Coca is one of four plants in the family Erythroxylaceae, cultivated for their psychoactive properties.
Coca has a long history of cultivation, a much longer history than that of its highly processed product cocaine. Coca has been cultivated since pre-columbian times in the Andes regions. Generally it is chewed with lime (from powdered limestone or shells) which activates its psychoactive properties in the human body. Coca has been used for energy and strength in activities such as running messages along the Andes. Coca is also used by some as a natural remedy or help for altitude sickness in the Andes. Coca’s use seems to have become more prevalent with Spanish forced labor on the natives. Despite the fact that the Spanish missionaries hated Coca for its connection to indigenous belief systems, the natives found it made long days of forced labor more tolerable.
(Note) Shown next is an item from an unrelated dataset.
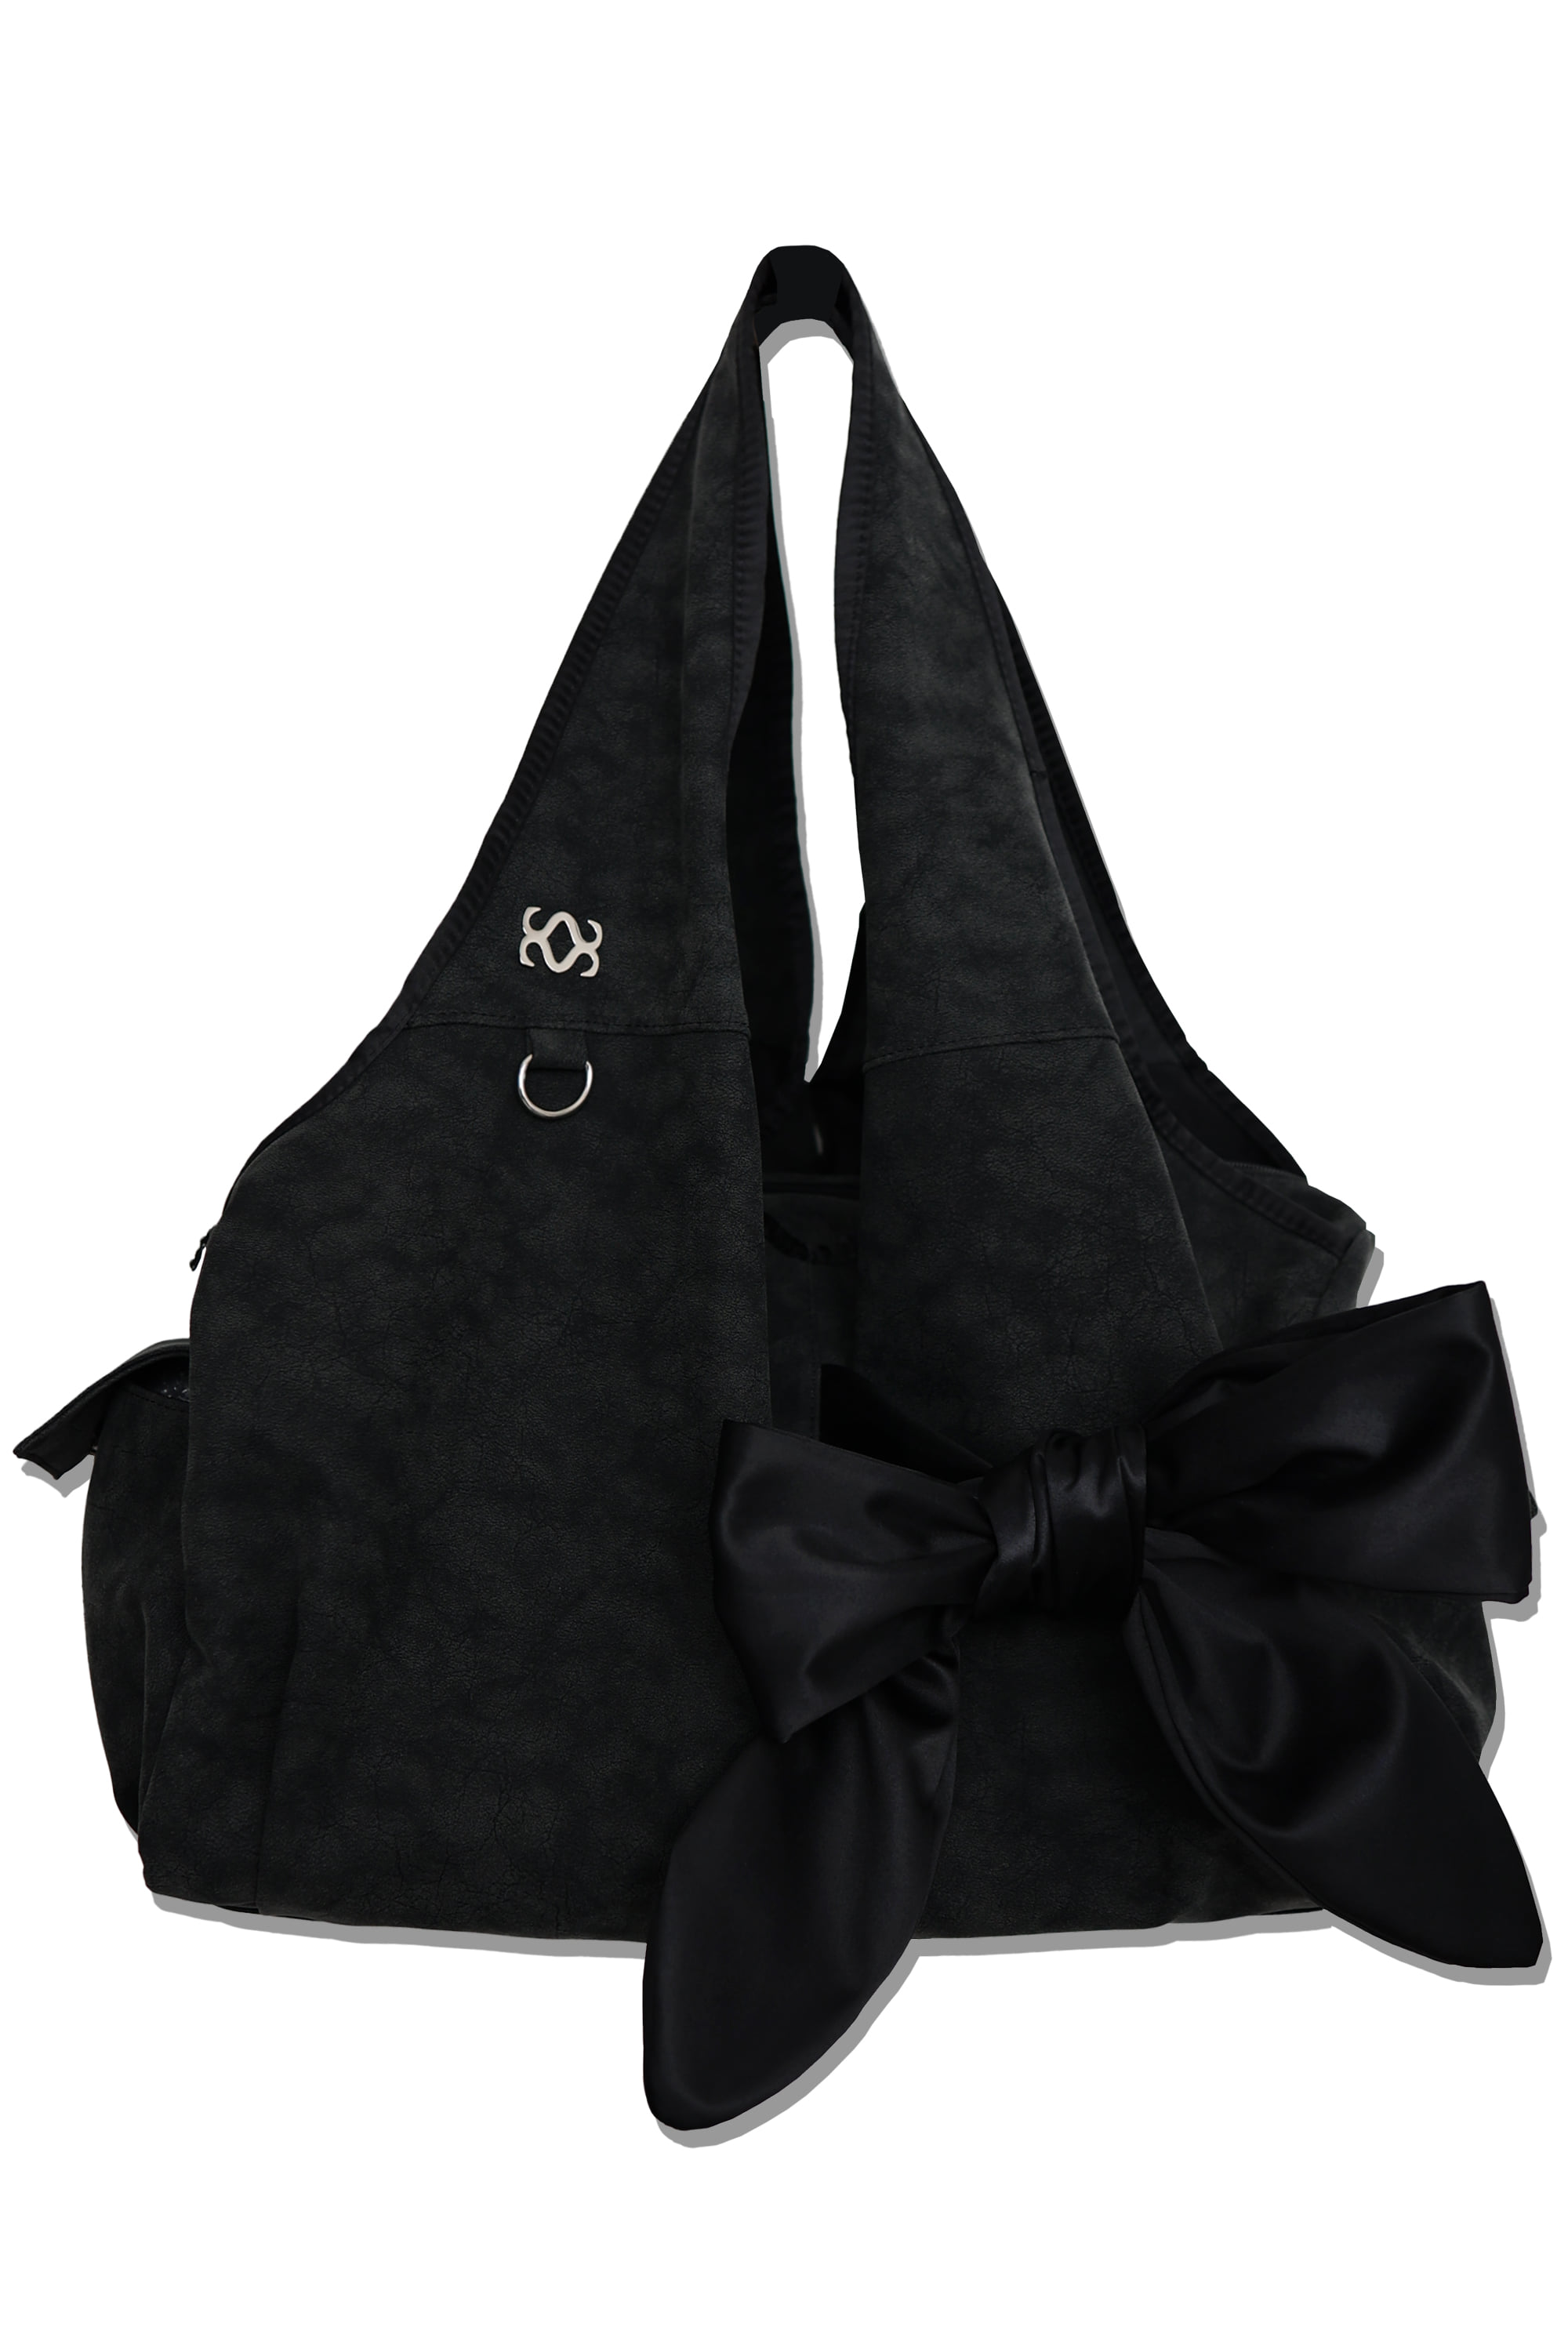 [Vegan Nubuck] bow shoulder bag (black)
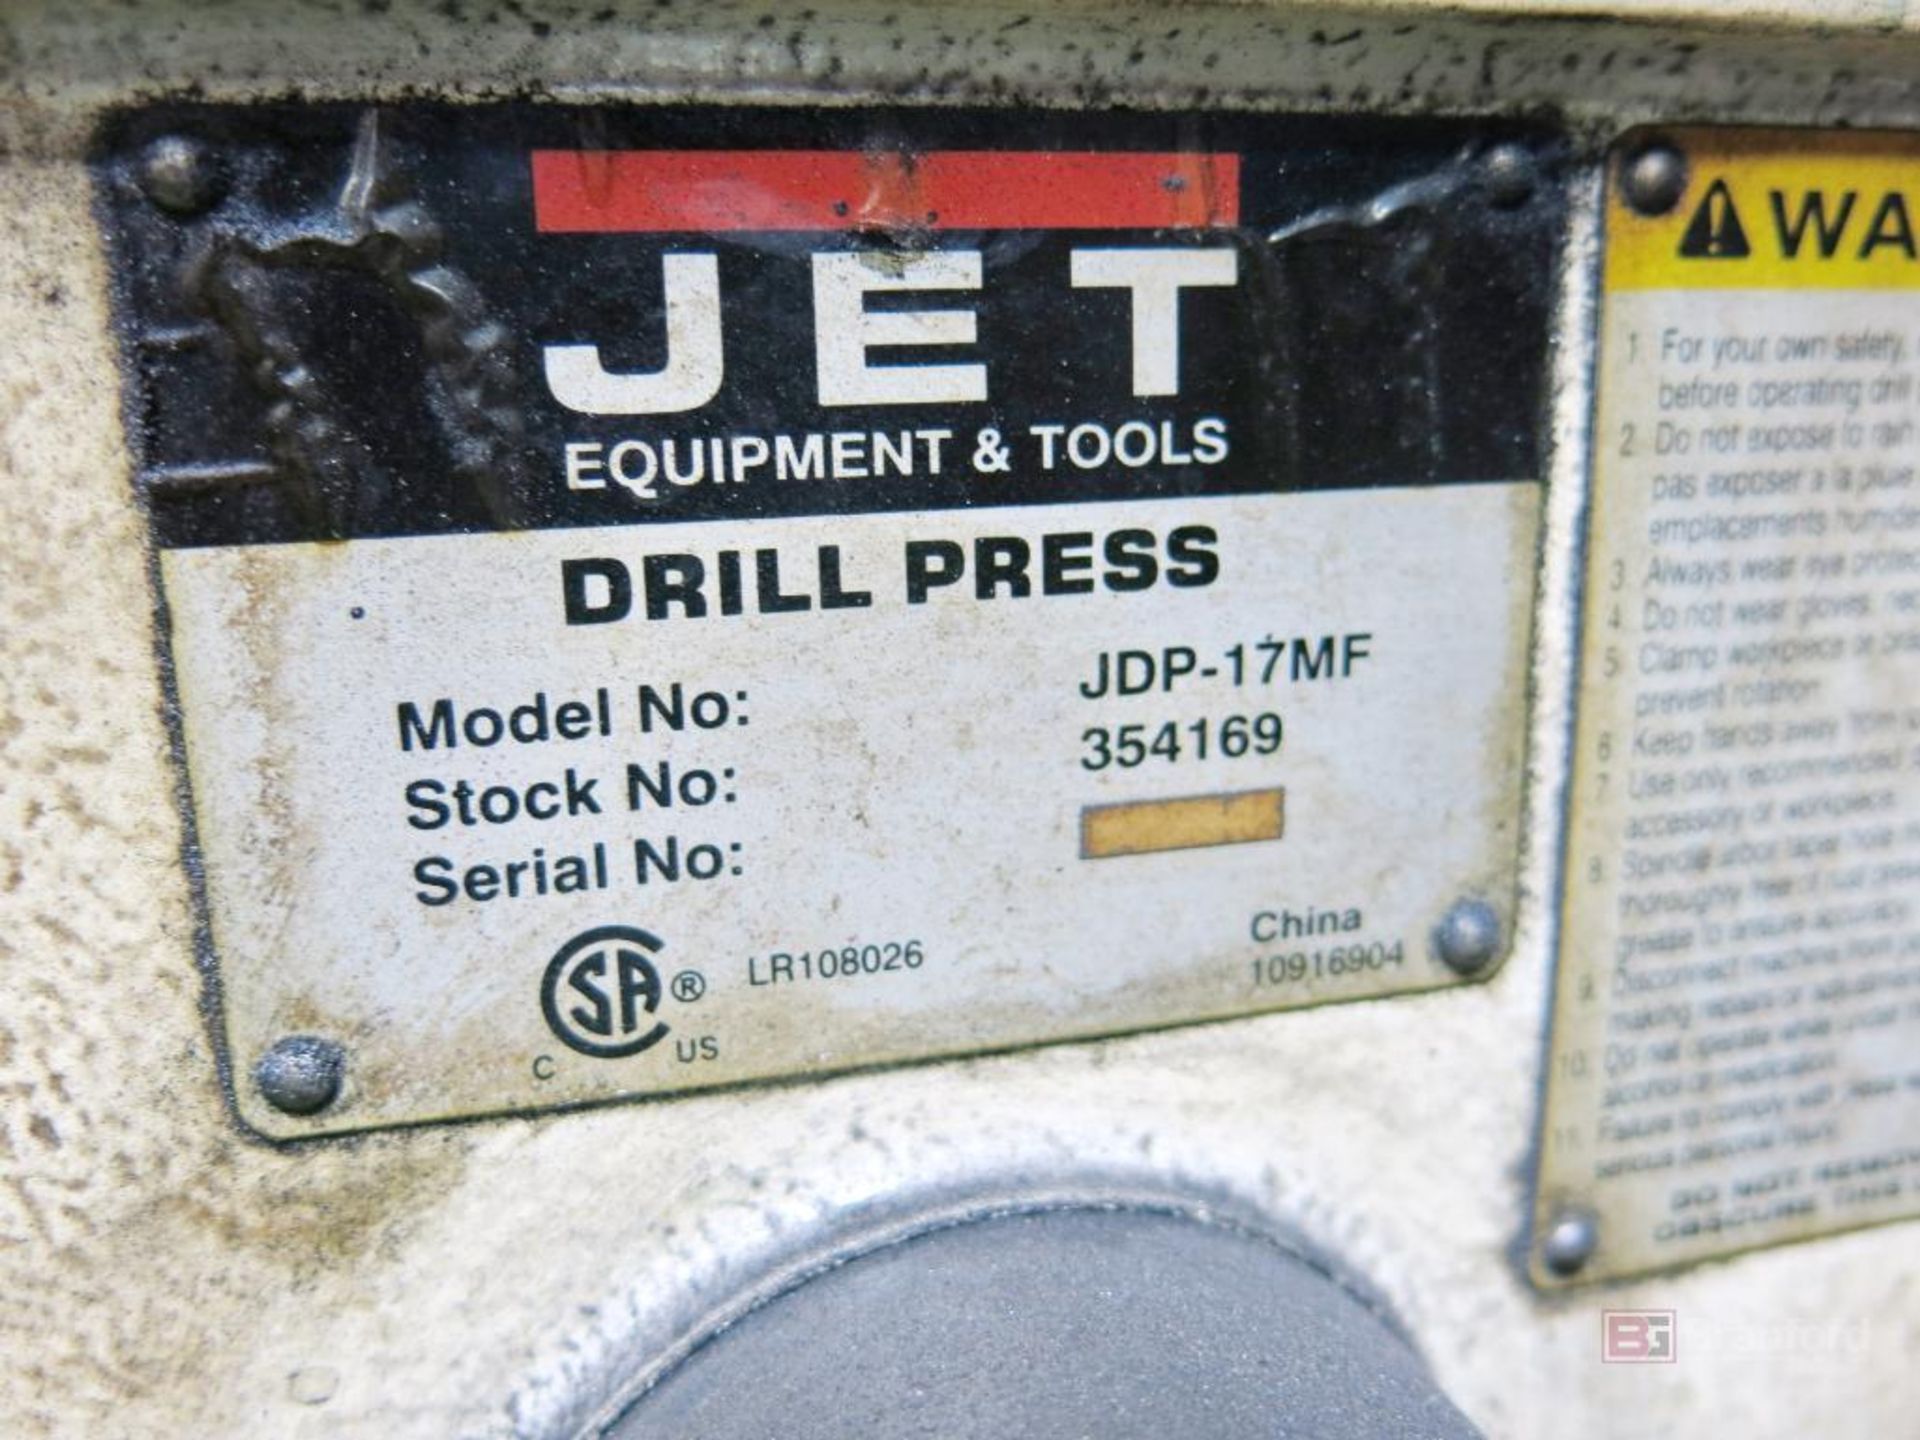 Jet Model JDT-17MF Pedestal Drill Press - Image 3 of 3

Today of course, Coca is most famous for its use in making cocaine and in conjunction with the war on drugs has been part of the cause of instability, violence, poverty in some of the Andean nations such as Colombia and Bolivia. In my opinion however the main problem is an American problem of consumption; not a South American problem of Coca which had been grown with no major problems for centuries when the first Spanish set foot in the new world. If you want to read more about Coca and its history One River by Wade Davis is an excellent book on ethnobotany in South America and has a bit of good information on Coca specifically. Then again, I have had few interactions with Coca, besides taking the picture in this blog, I’ve only once purchased coca tea in Ecuador. The tea is really unexciting, without the lime or the processing, Coca tea has about the same effect as most herbal teas, which is to say it feels warm and tastes vaguely tea-like. Also a side note: Coca tea is entirely legal, in Ecuador and in the U.S. it’s the processed cocaine that’s illegal.